У Ларина по всей квартире бритвы. Если бы кто-то знал, счел бы его маньяком-социопатом и был бы, наверное, от правды недалек. В многочисленных коробочках в ванной, в ящике на кухне под вставкой для столовых приборов, между страницами книг на полках, в обувной коробке к шкафу.
В разное время были разные люди, которые пытались их выбрасывать — с тех пор лезвиями нашпигована вся квартира. Это проще, чем что-то объяснять. Ларин не хочет об этом думать — он сейчас не хочет думать вообще.
Ларин садится на диван и закрывает лицо руками, зажав бритву между пальцами — она холодная против его лихорадочно горячего лба.

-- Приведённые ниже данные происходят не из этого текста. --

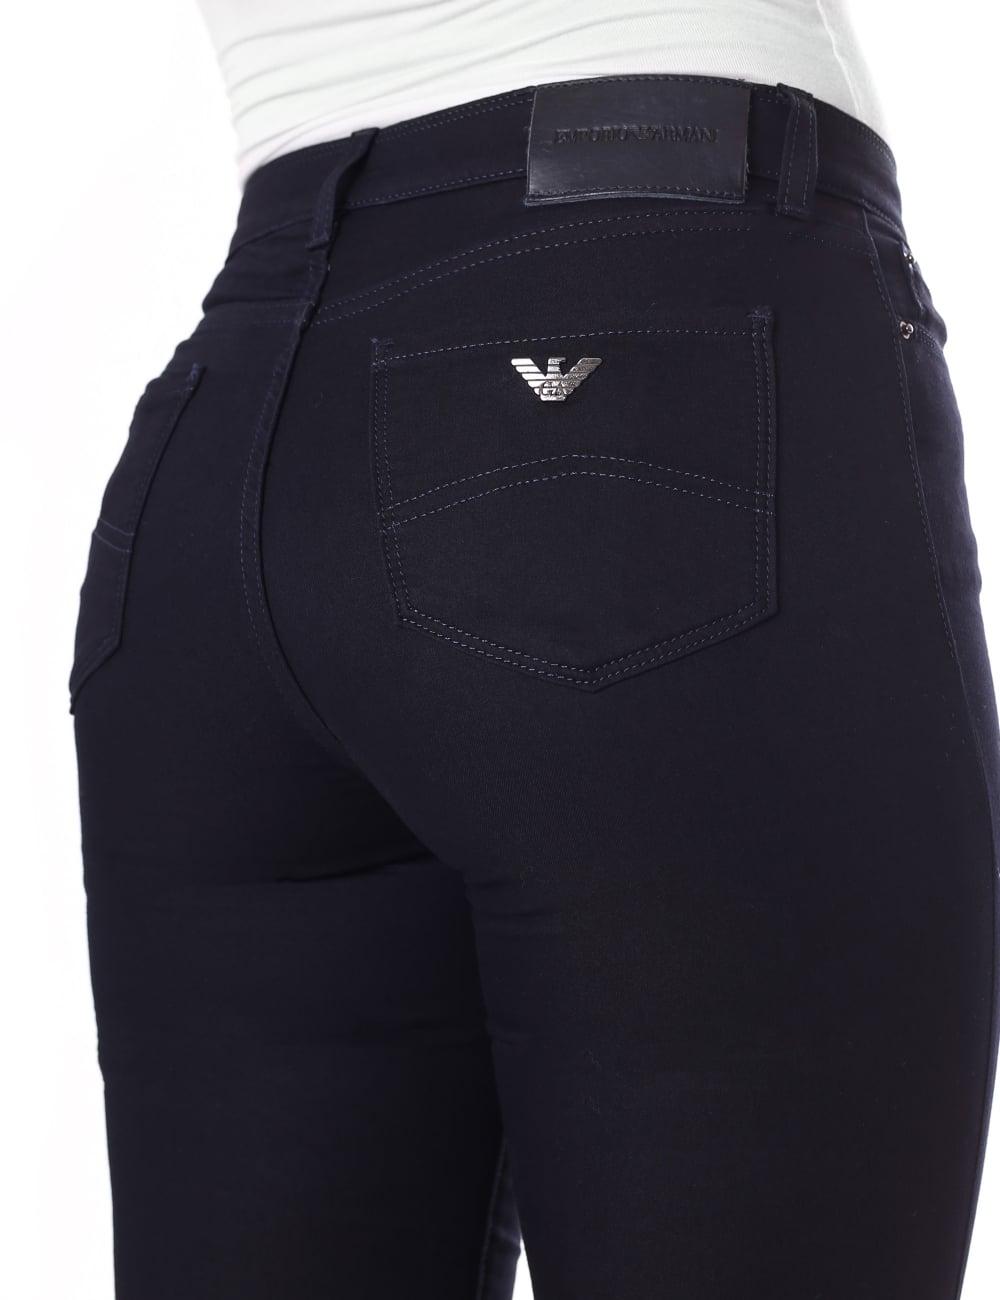 1efa3e9d1f Emporio Armani Women's High Rise Skinny Fit Jean

Мирон всегда приходит не вовремя.
У Димы нет сил создавать для него иллюзию чего-либо. Он ждет, спрятав лицо, как ждет животное в капкане. Хотелось бы, чтобы ему было все равно.
Ему не все равно.
— Не сработало, да? — Ларин открывает глаза — Мирон уже в комнате, кивает на черное пятно ткани, повисшее на стуле. Конечно, ему уже рассказали. Диме противно от мысли, что Мирон узнал о его /заведомом/ проигрыше от третьих лиц, как будто эти самые лица вмешались во что-то личное.
Дима не говорит «сам знаешь», потому что Федоров знает сам.

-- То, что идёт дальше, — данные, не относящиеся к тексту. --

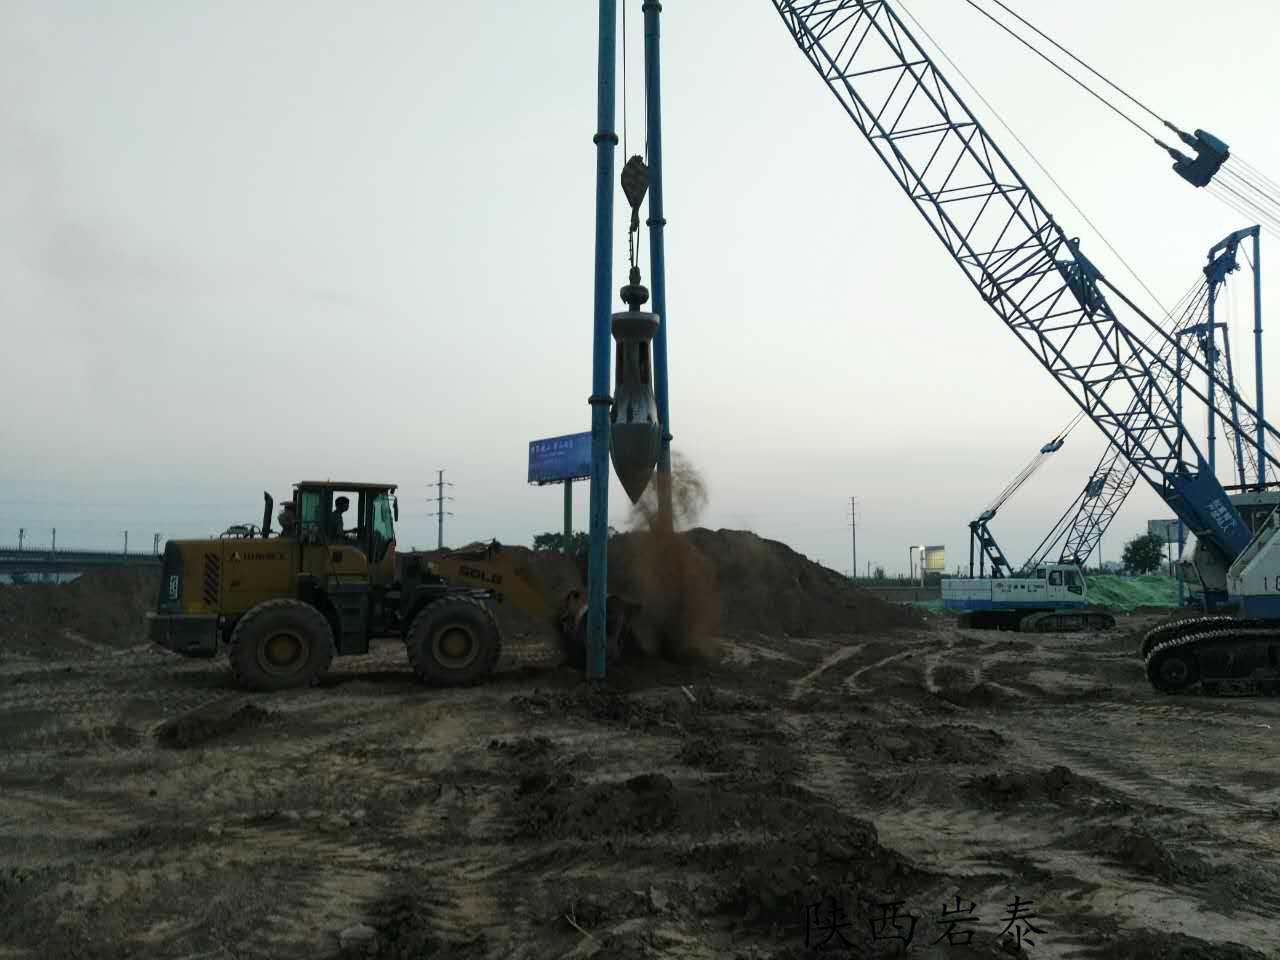 临潼骊祥苑骊山新家园安置区|在建工程-陕西岩泰基础工程有限公司

Диме кажется, что он чувствует тех самых крыс, роящихся у него в грудной клетке. Ему тошно.
Если внутри него крысы, значит ли это, что он просто мусорный бак? Дима не хочет об этом думать.
Мирон не садится рядом — Мирон встает перед ним и смотрит, склонив голову набок. Как будто в зоопарке, блять. Мирон смотрит на его бедра. Дима опускает взгляд за ним.
Шрамы выглядят так, как будто ленивый художник пытался его кожу заштриховать, меняя карандаши от совсем светлого до розового и бордового, но бросил на пол пути.
Мирон протягивает руку. Ларину не нравится, что с ним обращаются, как с ребенком. Ларин пытается не вести себя как ребенок и молча отдает бритву. Мирон кидает ее в форточку, Ларин фыркает:
— Дети какие-нибудь найдут и вскроются.
У детей гораздо меньше причин, чтобы вскрыться, чем у Димы. И гораздо меньше желания.
Федоров подходит к нему и опускается на колени. Сцена кажется Ларину абсурдной. Федоров берет его за руку. Ларин хочет пошутить про предложение руки и сердца или про минет. Про пафосную романтику в совсем неромантичной двушке.
— Я знаю, что тебе нравится быть на голову ебнутым, — говорит Федоров и смотрит этими своими блядскими голубыми глазами. — Но неужели ты не придумал ничего получше?
Какая, к черту, романтика. Дима пожимает плечами.
— И если тебе так хочется испытывать боль, — продолжает он. — Мог бы попросить меня.
— А толку-то? — Ларин шумно выдыхает. — Ты все равно ничего не станешь делать по моей указке.
Мирон кивает. Ларин, конечно, прав. Проводит пальцем по коже, испещренной вереницей рубцов. Дима как-то обреченно вздыхает и прикрывает глаза.
Ларину кажется, что его тело местами похоже на поле боя. Федорову кажется, что тело Ларина местами похоже на фактурную ткань.
Ларину никогда не было себя жалко — досадное отклонение. Мирон целует его шрамы, и в воздухе повисает что-то необъяснимо важное, значительное, невысказанное.
Мирон целует мягко, и влажно, и долго. У Димы перехватывает воздух где-то в горле, он дышит шумно и ртом глотает воздух, и это так похоже на то, что он чувствует обычно, когда наблюдает за тем, как кожа расползается под лезвием.
Утром он не находит рядом с собой Мирона и не находит на стуле его рубашку. Ларин думает о том, что чувствовал и думает, что хорошо, что в обувной коробке в шкафу он найдет бритву.